**Raw data**.

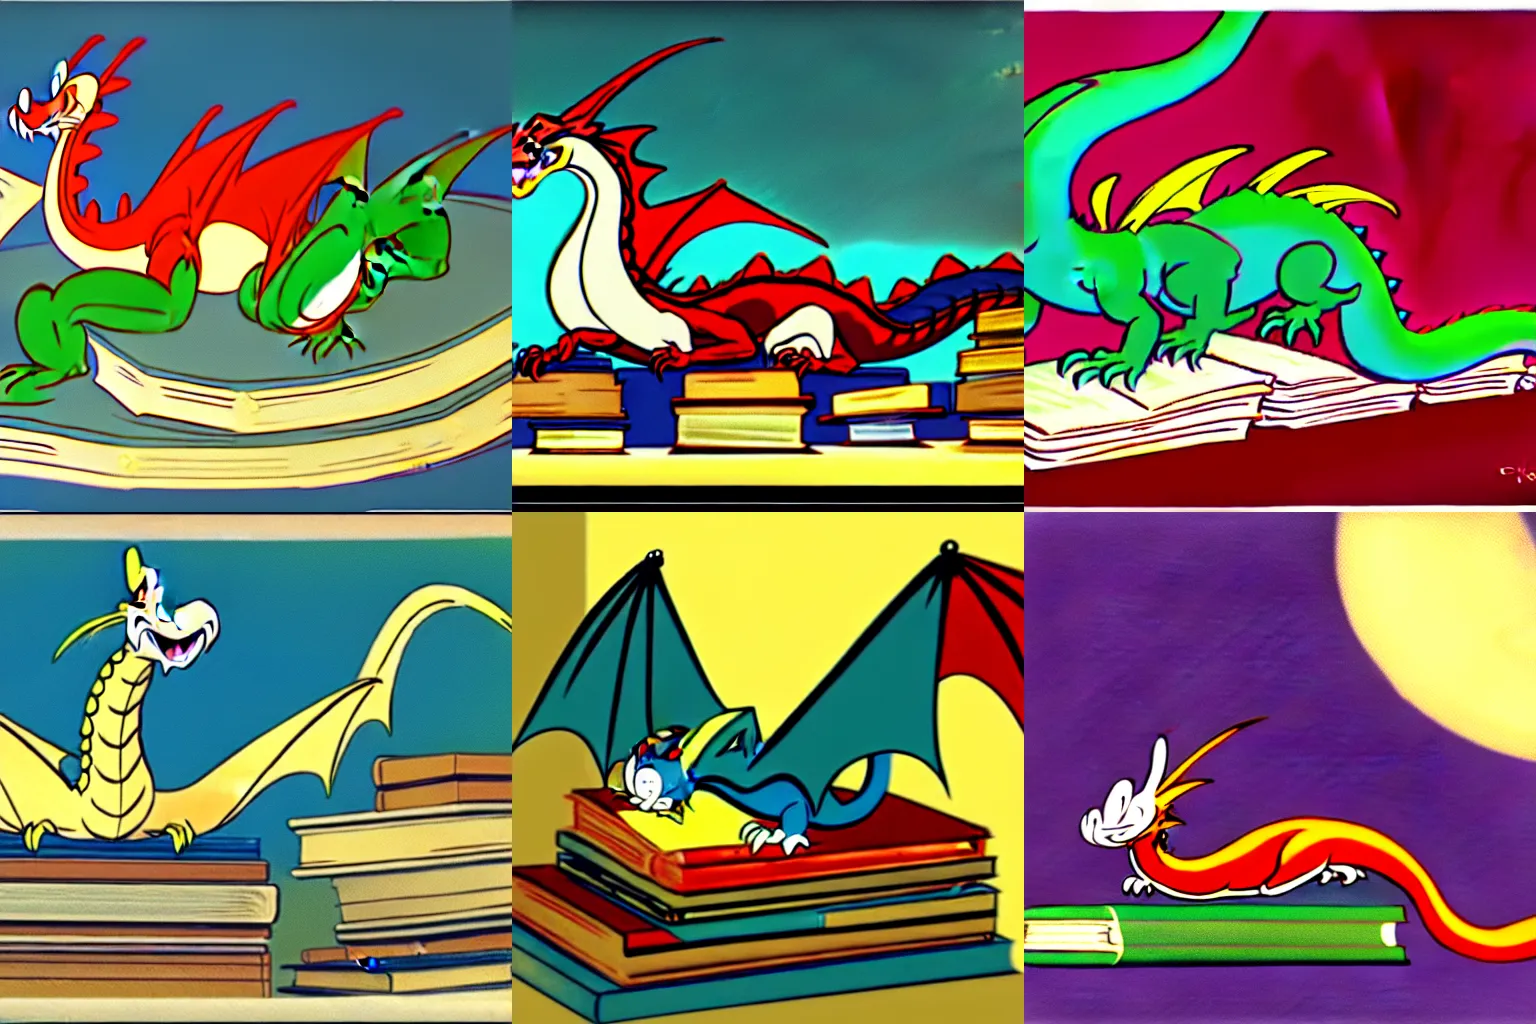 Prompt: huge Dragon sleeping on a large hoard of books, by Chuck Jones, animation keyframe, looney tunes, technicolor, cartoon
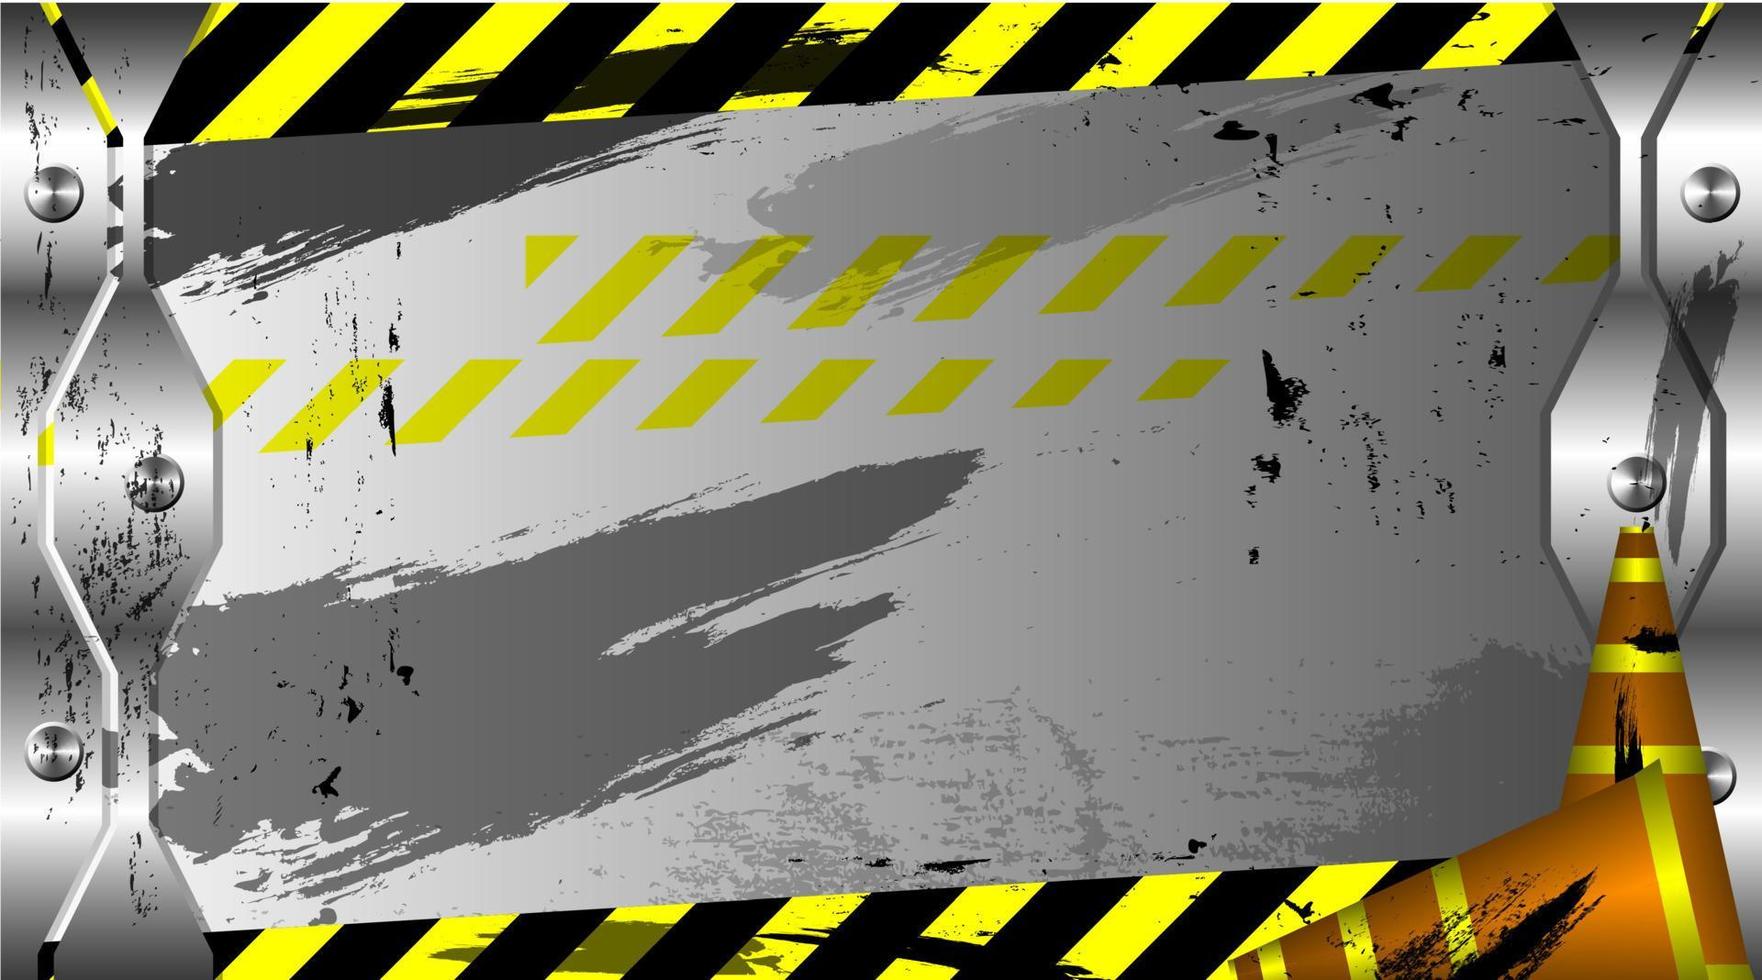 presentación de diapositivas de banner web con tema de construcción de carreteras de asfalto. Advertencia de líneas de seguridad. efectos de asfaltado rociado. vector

--

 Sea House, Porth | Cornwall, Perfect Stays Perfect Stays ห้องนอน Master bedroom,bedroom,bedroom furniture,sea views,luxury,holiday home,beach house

**Exercise**. Give again, exactly as written above, each line from the one that has "Prompt: huge Dragon" to the one that has "presentación de diapositivas", both included; omit the pictures.

**Your response**.
 Prompt: huge Dragon sleeping on a large hoard of books, by Chuck Jones, animation keyframe, looney tunes, technicolor, cartoon
 presentación de diapositivas de banner web con tema de construcción de carreteras de asfalto. Advertencia de líneas de seguridad. efectos de asfaltado rociado. vector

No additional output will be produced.